### ParthJha17's blog

By ParthJha17, history, 7 weeks ago,

Hey Guys,

Here's the line that didn't work: cout<<(double)((*time.begin() + *((time.end()-1)))/2.0)<<endl;

I expected this to give me the required precision of 10^-6. It didn't work for some reason. I tried many things after that and then this worked.

cout << fixed << setprecision(1) << (long double)(time.front() + time.back()) / 2.0 << endl;

Well, I understand that every solution will have either one decimal or none as the contents of time vector are integers only, but still, I'd appreciate it if someone could help me understand why the first code didn't work.

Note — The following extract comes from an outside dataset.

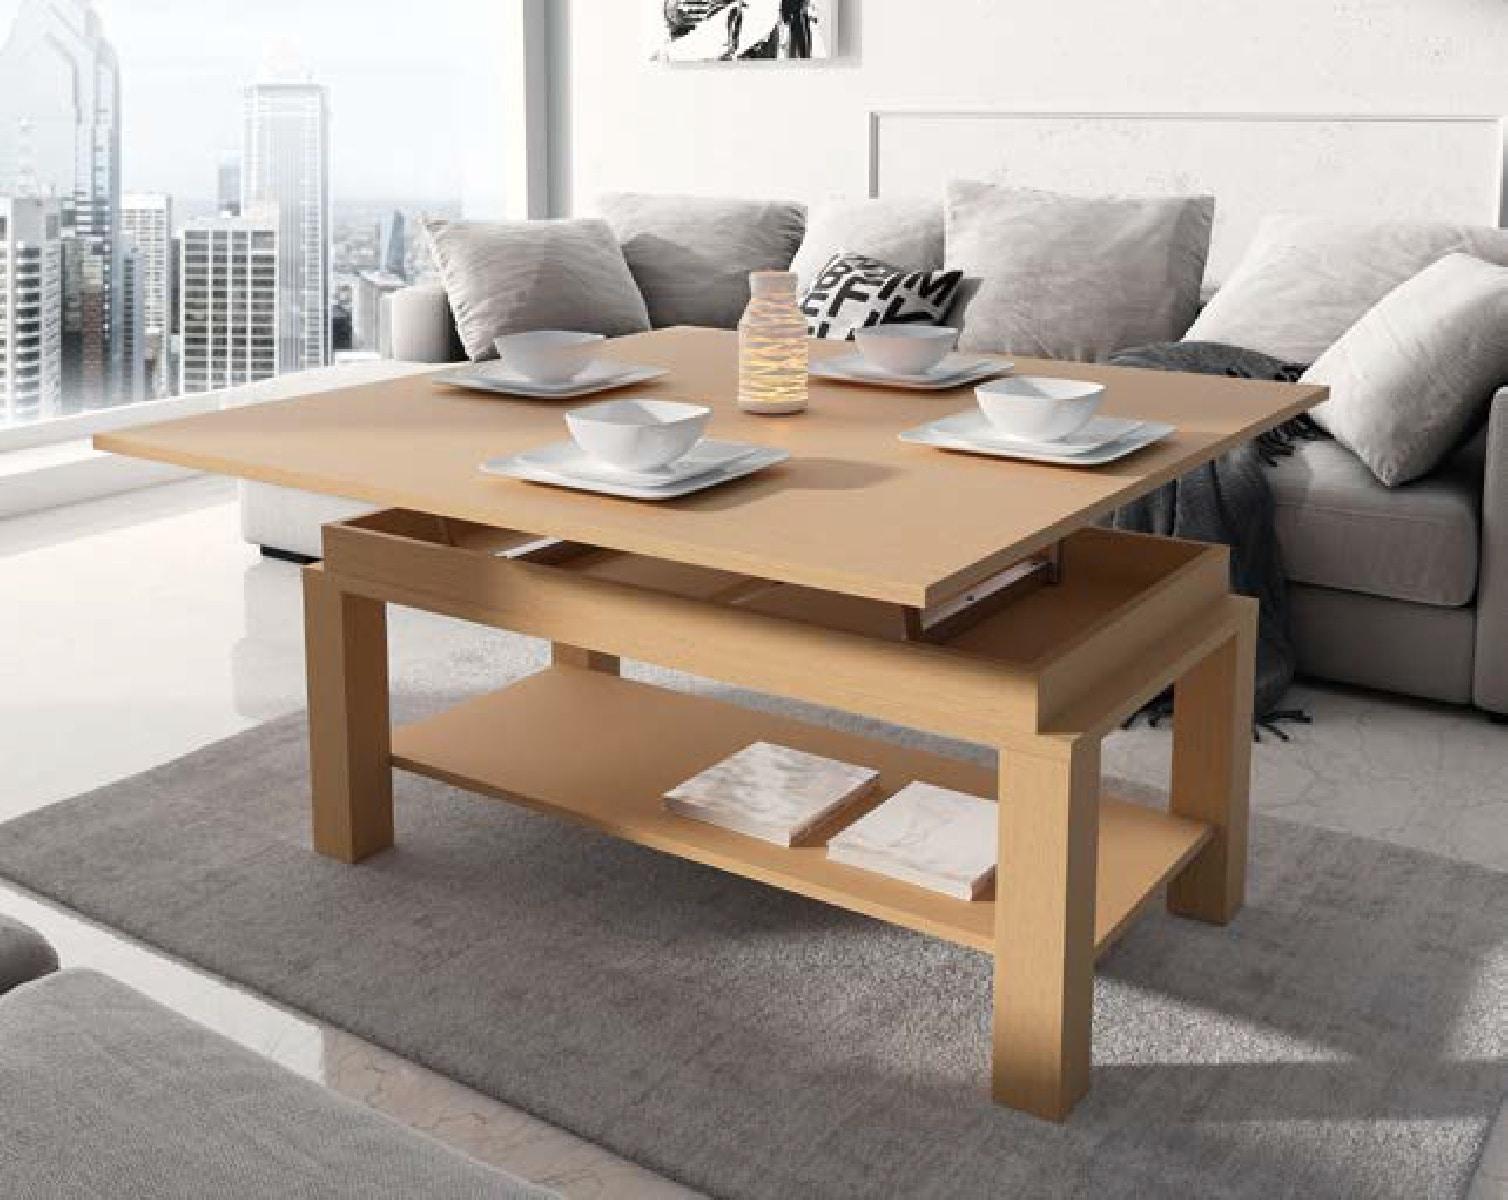 стол трансформер в гостиной дизайн идеи

Solution that didn't work (precision errors)

#include <bits/stdc++.h>
using namespace std;
#define ll long long
#define endl '\n'
#define tc     \
ll tc;     \
cin >> tc; \
while (tc--)
#define pb push_back
#define mp make_pair
const ll MOD = 1e9 + 7;

void fastio()
{
ios_base::sync_with_stdio(0);
cin.tie(0);
cout.tie(0);
}

void solve()
{
ll n,temp;
cin>>n;
vector<ll>points,time;
for(ll i=0;i<n;++i)
{
cin>>temp;
points.push_back(temp);
}
for(ll i=0;i<n;++i)
{
cin>>temp;
time.push_back(points[i] + temp);
time.push_back(points[i] - temp);
}
sort(time.begin(), time.end());
if(n==1)
{
cout<<points[0]<<endl;
}
else
cout<<(double)((*time.begin() + *((time.end()-1)))/2.0)<<endl;

}

int main()
{
fastio();
ll t;
cin >> t;
for (ll i = 1; i <= t; i++)
{
solve();
}

return 0;
}


Solution that did work

#include <bits/stdc++.h>
using namespace std;

#define ll long long
#define endl '\n'
#define tc     \
ll tc;     \
cin >> tc; \
while (tc--)
#define pb push_back
#define mp make_pair
const ll MOD = 1e9 + 7;

void fastio()
{
ios_base::sync_with_stdio(0);
cin.tie(0);
cout.tie(0);
}

void solve()
{
ll n, temp;
cin >> n;
vector<ll> points, time;
for (ll i = 0; i < n; ++i)
{
cin >> temp;
points.push_back(temp);
}
for (ll i = 0; i < n; ++i)
{
cin >> temp;
time.push_back(points[i] + temp);
time.push_back(points[i] - temp);
}
sort(time.begin(), time.end());
if (n == 1)
{
cout << points[0] << endl;
}
else
{
cout << fixed << setprecision(1) << (long double)(time.front() + time.back()) / 2.0 << endl;
}
}

int main()
{
fastio();
ll t;
cin >> t;
for (ll i = 1; i <= t; i++)
{
solve();
}

return 0;
}


Thanks a lot for your help.

• -4

 » 7 weeks ago, # |   0 This comment explains it well.
•  » » 7 weeks ago, # ^ |   0 Thanks a lot, that clarified everything!